When Algeria’s last oil and gas bid round ended in near disaster in 2008, Algiers blamed the global economic downturn as the major factor behind its lack of success.

Only four of the 16 exploration and production licences offered by Agence Nationale pour la Valorisation des Ressources en Hydrocarbures (Alnaft) were awarded on 13 December 2008. At the time, the US’ West Texas Intermediate (WTI) crude oil contract was trading at $46 a barrel, less than a third of the $147-a-barrel peak it reached in July that year. On 1 December, stock markets across the globe suffered their largest one-day falls in 20 years.

Algiers could be forgiven for expecting a better result in its December 2009 round, when it will offer only 10 concessions, which it says were picked by the international oil companies (IOCs) it has invited to bid for licences. As MEED went to press, WTI was trading at about $75 a barrel – $23 a barrel above the average price this decade.

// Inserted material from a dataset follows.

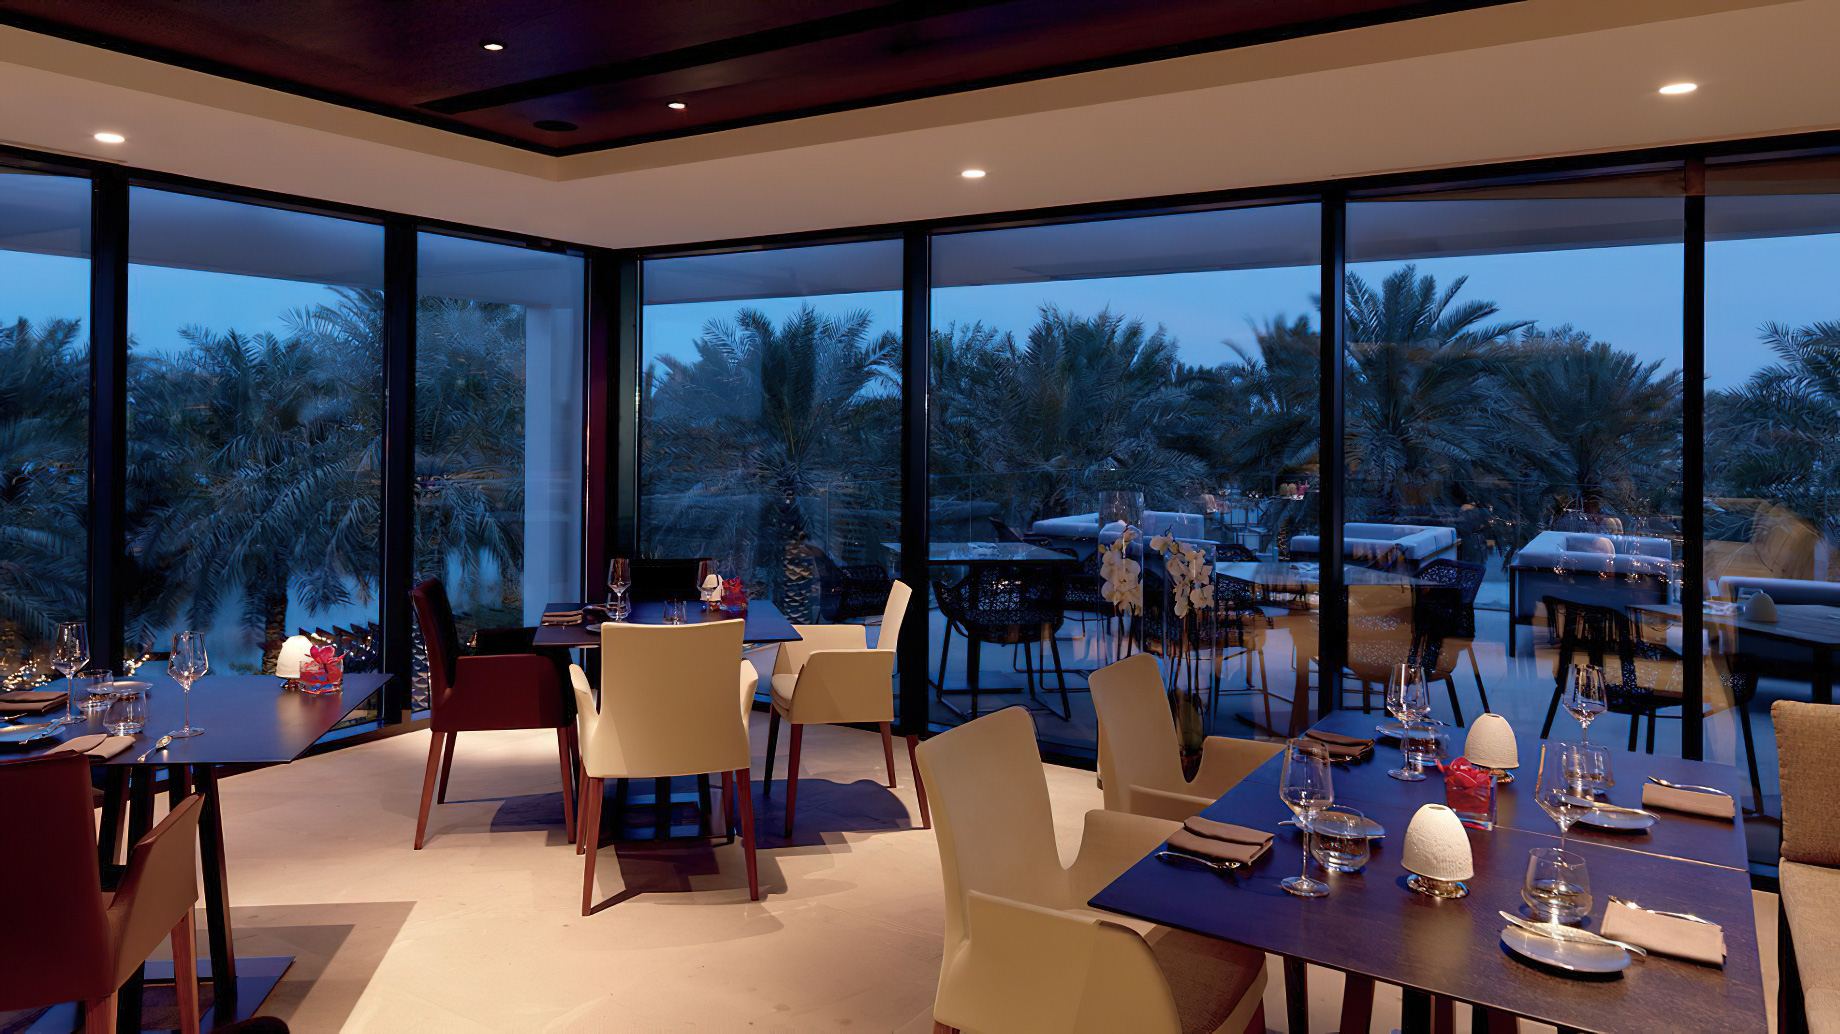 The Ritz-Carlton, Bahrain Resort Hotel – Manama, Bahrain – Primavera Restaurant Osteria Contemporanea Interior Evening Dining
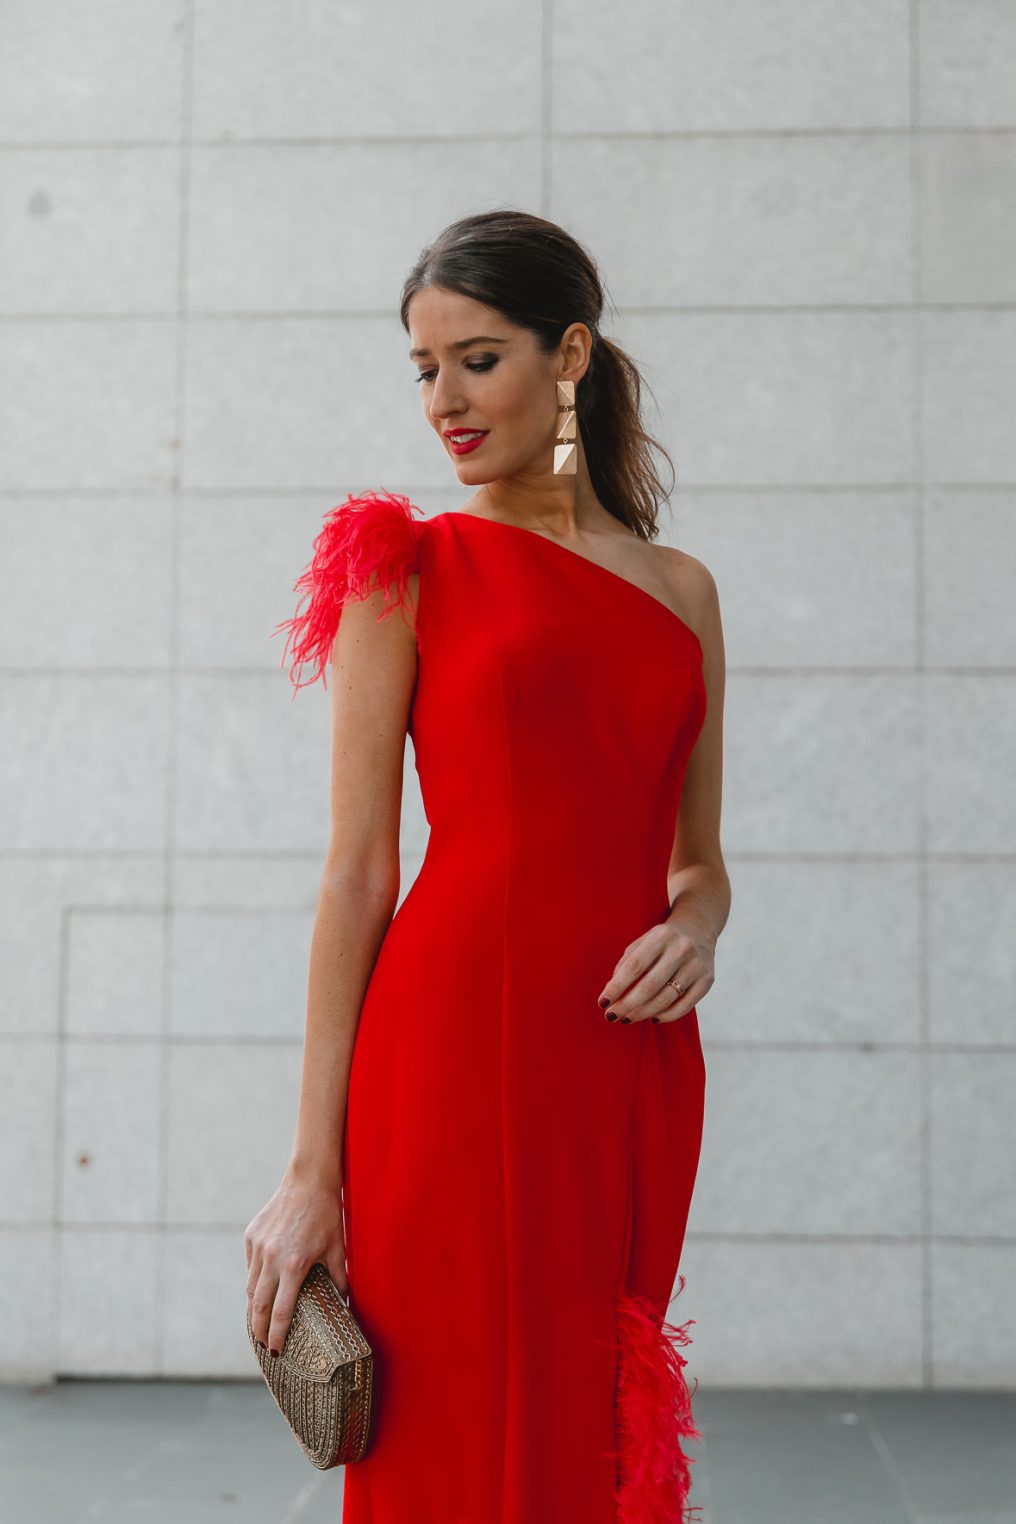 Look invitada de noche: el vestido rojo de plumas

But senior IOC executives say they need further concessions from the Algerians. While Algiers blamed the financial crisis for the failure of the 2008 bid round, the bidders said that Algiers’ harsh terms were the real problem.

Under Algeria’s revised 2006 Hydrocarbons Law, state energy firm Sonatrach takes a 51 per cent stake in all upstream developments and a tax is levied on every barrel of oil sold at more than $30. In the 2008 bid round, Alnaft also demanded that IOCs offer assets abroad as part of any deal.

This time around, the demand for asset swaps has gone, but little else has changed. Oil prices have almost doubled, but IOCs’ profits have not followed suit and the future of the global economy is far from certain. Removing the tax on oil sold for more than $30 a barrel could make the 2009 bid round avoid the fate of last year’s competition.